Здесь было сумрачно и пахло влажной землей и гниющими листьями. Кое-где среди каменных глыб виднелись полоски грязного льда с вмерзшими в него бумажками и окурками.
– Вам не кажется, что вы задаете глупые вопросы?
– холодно поглядела она на него.
– При встрече с вами я всегда глупею, - улыбнулся он.
–
– Что вы?
– сделал он испуганные глаза.
– Это невозможно!
– Почему?
– уже мягче поинтересовалась она.
– Потому что вы мне очень нравитесь.
– Он чуть было не брякнул, что взял для нее билет на самолет, но удержался: чего доброго, она совсем примет его за дурака...
– Опять вы за свое...
– в ее голосе прозвучали грустные нотки.
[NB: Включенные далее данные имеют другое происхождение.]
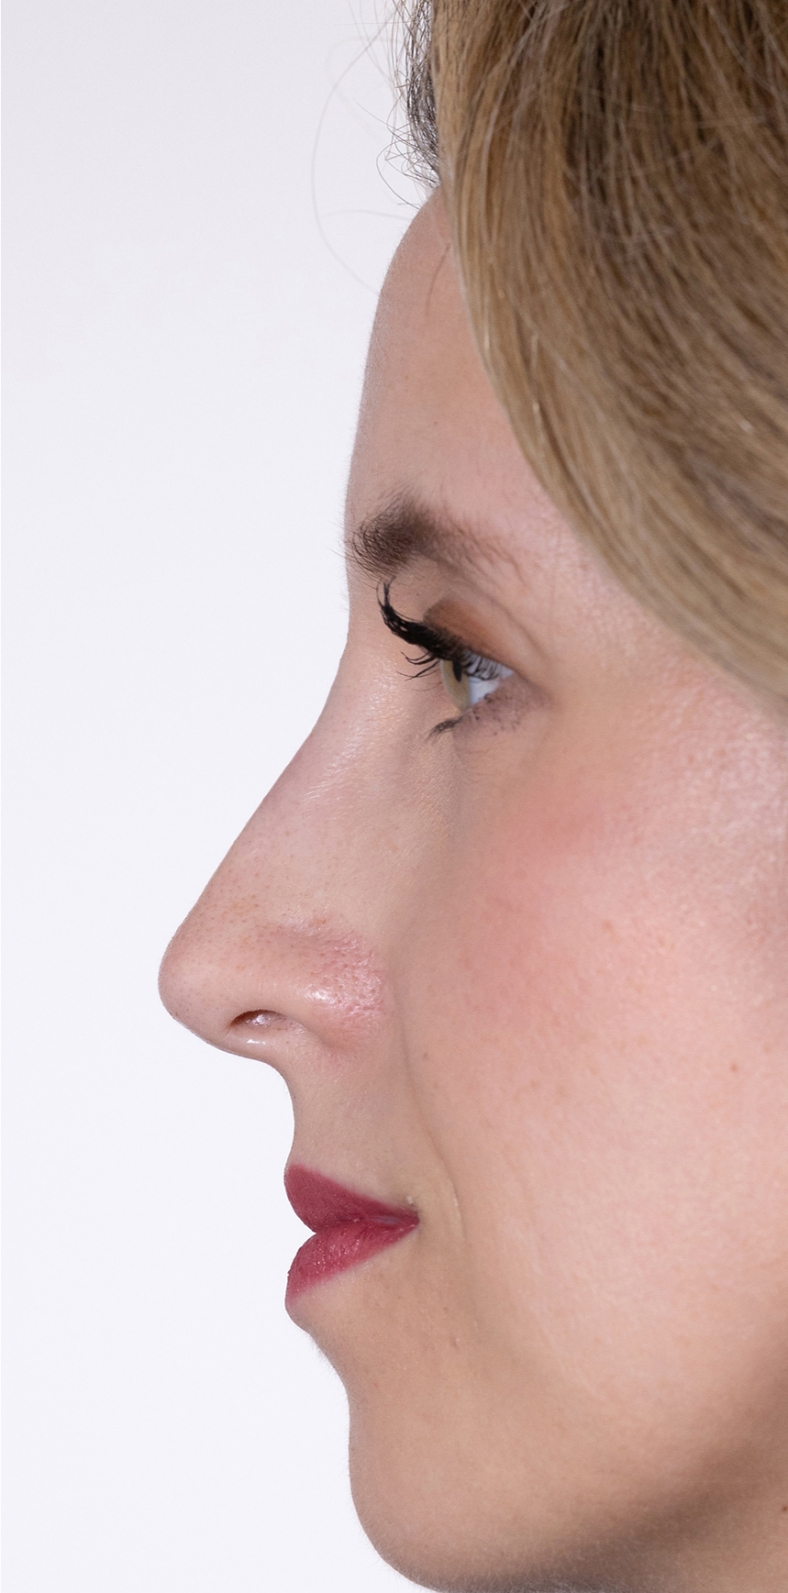 Nekirurška korekcija nosa - poslije, sl. 3 2022
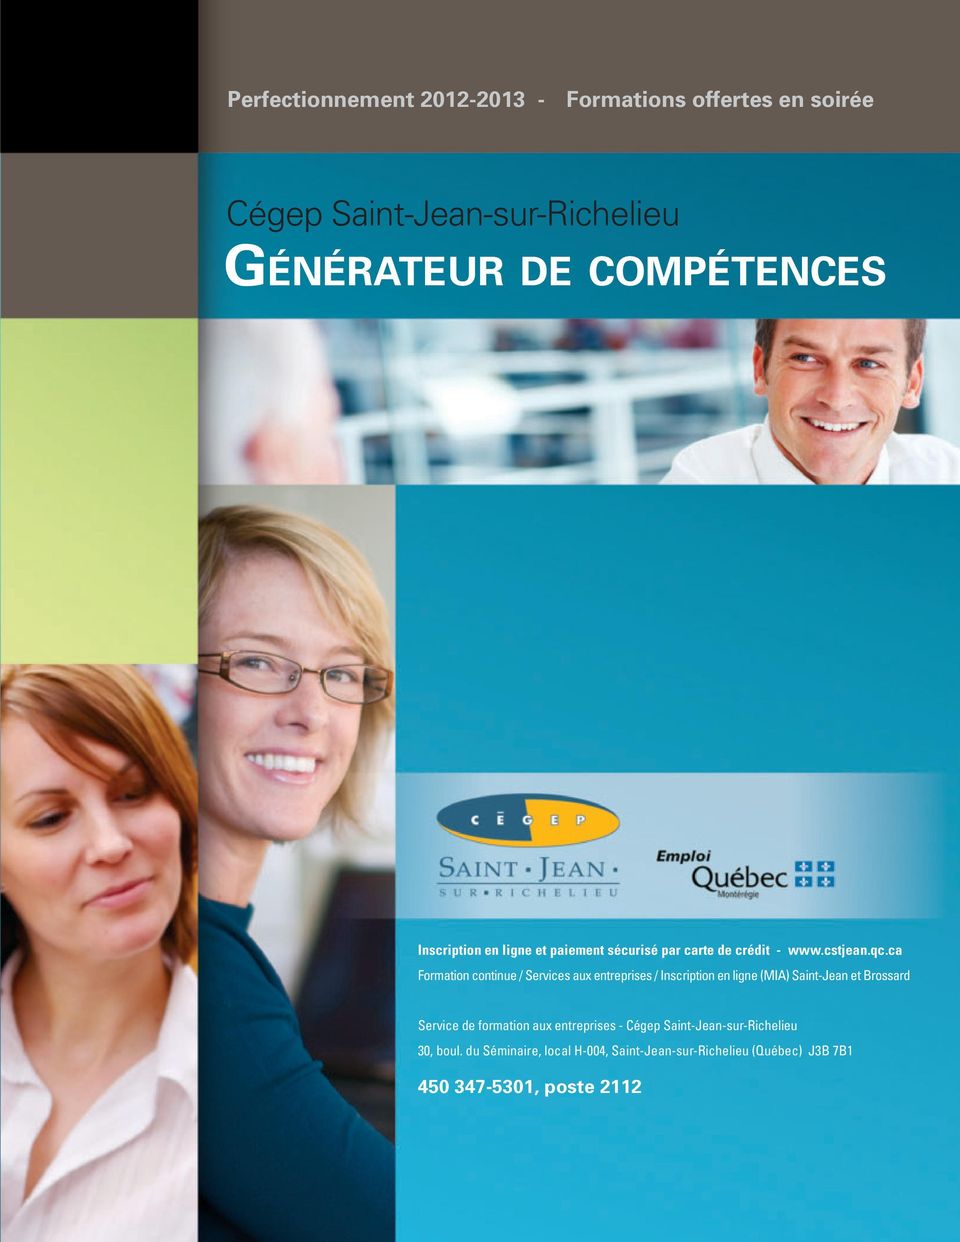 ca Formation continue / Services aux entreprises / Inscription en ligne (MIA) Saint-Jean et Brossard Service de

Она смотрела прямо перед собой.
А ему хотелось взять в руки ее толстую косу и взвесить: она почему-то казалась ему очень тяжелой, будто сплетена из черного металла.
– Я все время думаю о вас и жду звонка, - продолжал он.
– А вы все не звоните...
– Вы непохожи на человека, который день и ночь дежурит у телефона, - усмехнулась она.
– А вы бы этого хотели?
– В том-то все и дело, что я ничего не хочу, - ответила она и, помолчав, прибавила: - Тем более морочить вам голову.
– А вы этого и не умеете делать, - заметил он.
– Кирилл, я любила, была замужем, у меня ребенок...
– И у и что?
– Вы считаете, этого мало, чтобы научиться в жизни кое-что смыслить?
Жизнь, конечно, нас многому учит, но совсем не для того, чтобы разочаровывались в ней, - сказал Кирилл.
– Я тоже любил... Ну и что же? Прошла эта любовь. И я не считаю, что мне не повезло. В отличие от всего бренного, одна лишь любовь вечно молода. Она не стареет. Никогда. Любовей бывает много, а настоящая - одна. Но люди плохо в этом разбираются, иногда случайную любовь принимают за настоящую, отсюда и все беды: разочарования и все такое...
– Вы хотите сказать, что у вас и у меня была любовь ненастоящая?
– Евгения с интересом смотрела на Кирилла.
– Не знаю, как у вас, а у меня - да, - сказал он.
– Пережив эту ненастоящую любовь, мы теперь с вами имеем право на настоящую? Правильно я поняла вас?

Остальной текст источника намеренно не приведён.